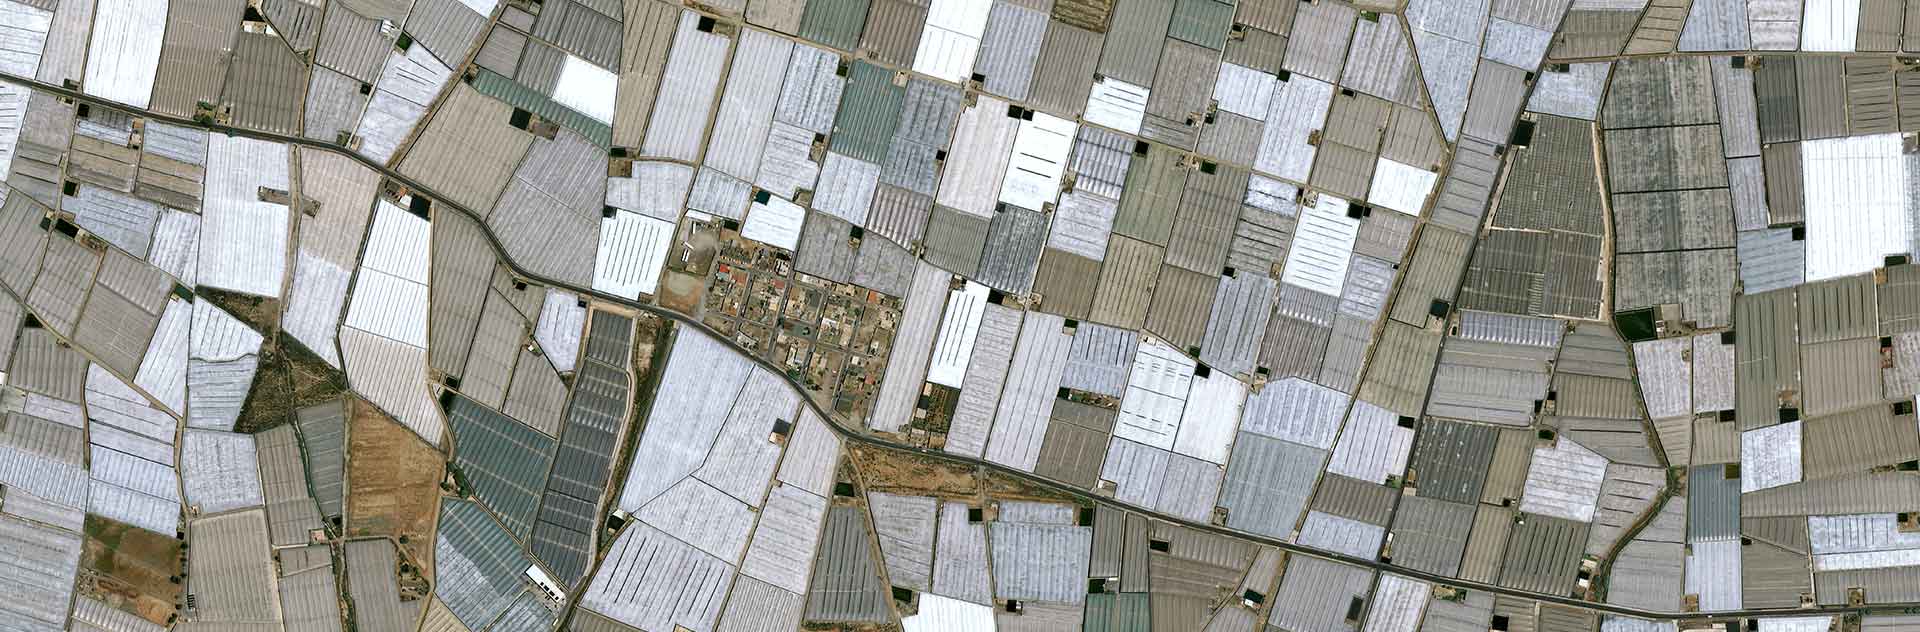 Pléiades Neo Image satellite - Greenhouses in Almeria - El Ejido, Spain,  30cm Resolution
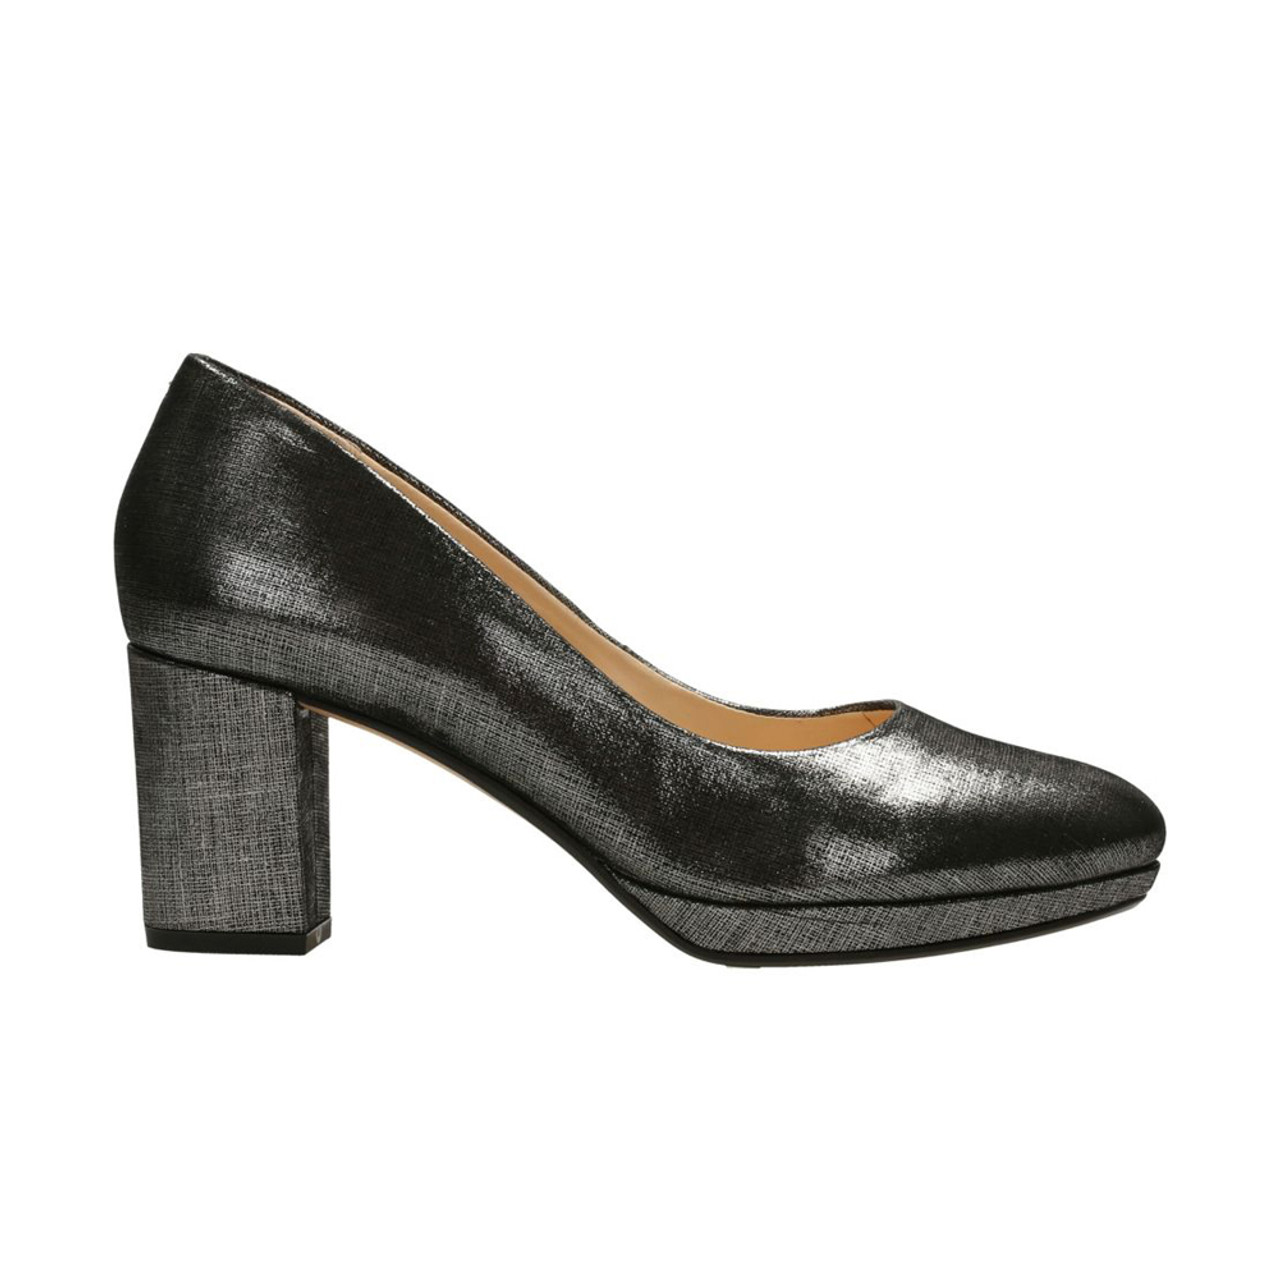 Clarks Women's Kelda Hope Pump - Metallic Discount Clarks Ladies Shoes & More - Shoolu.com Shoolu.com
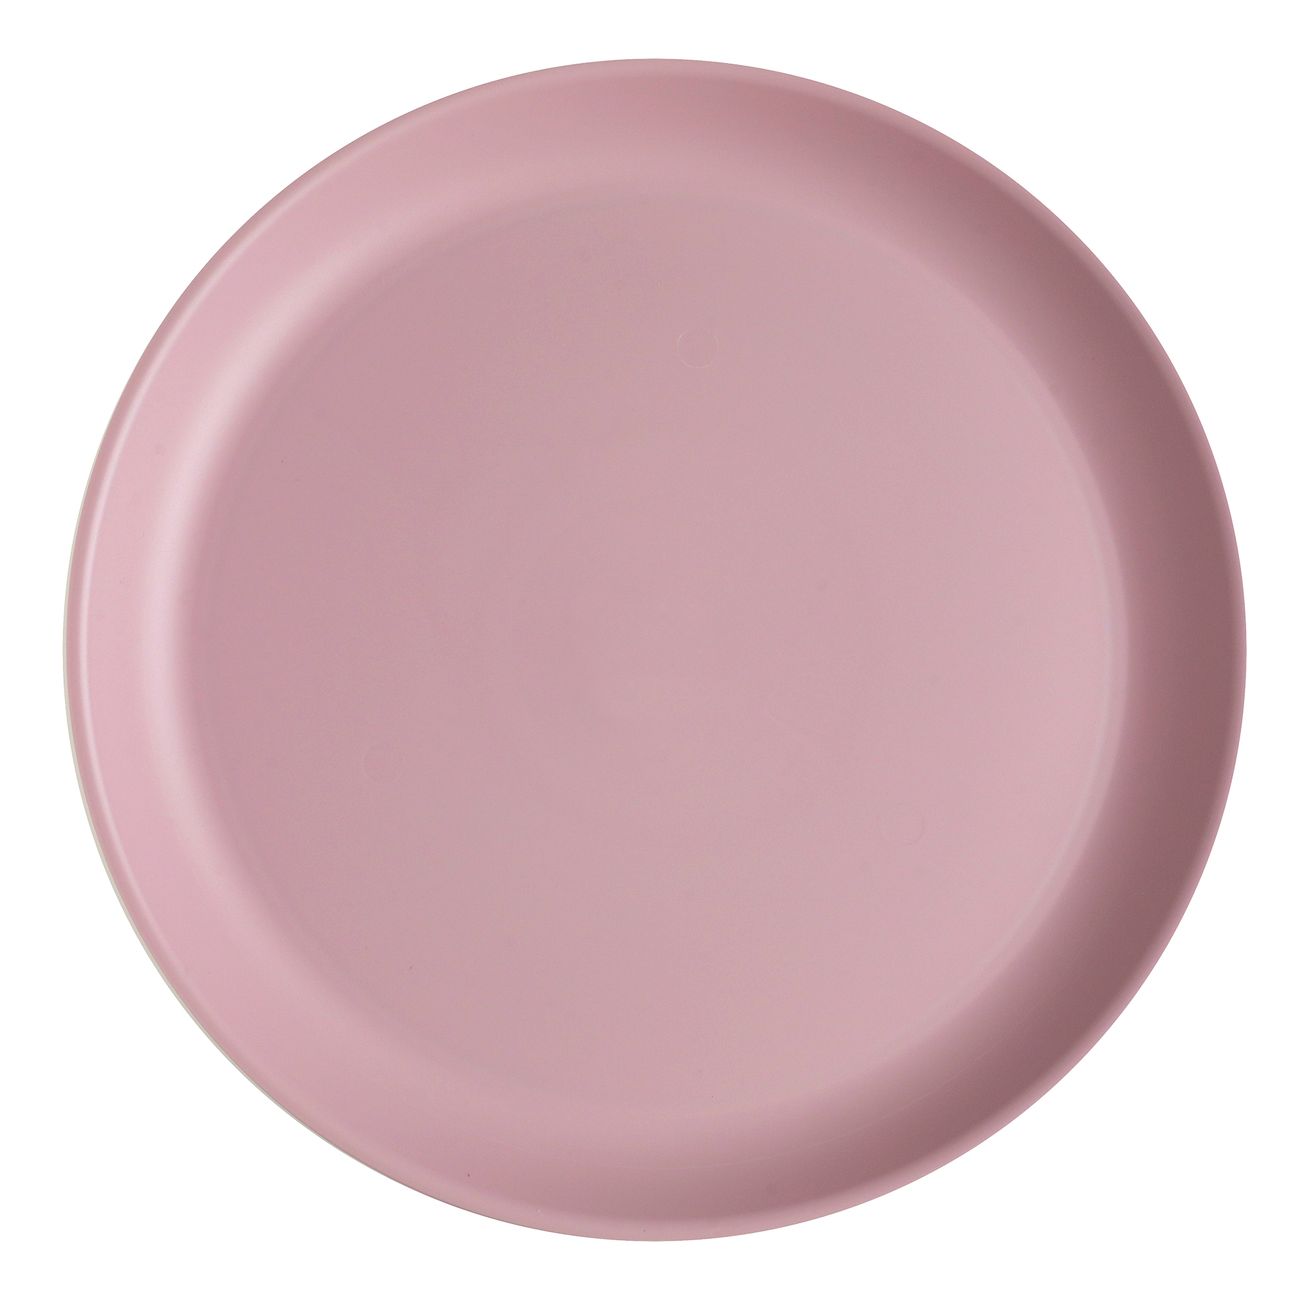 tallrik-plast-pastell-rosa-96638-1

WORK REQUEST:
Each line of the material above should be set down exactly, with no pictures.

EXERCISE RESULT:
 Pléiades Neo Image satellite - Greenhouses in Almeria - El Ejido, Spain,  30cm Resolution
 Clarks Women's Kelda Hope Pump - Metallic Discount Clarks Ladies Shoes & More - Shoolu.com Shoolu.com
 tallrik-plast-pastell-rosa-96638-1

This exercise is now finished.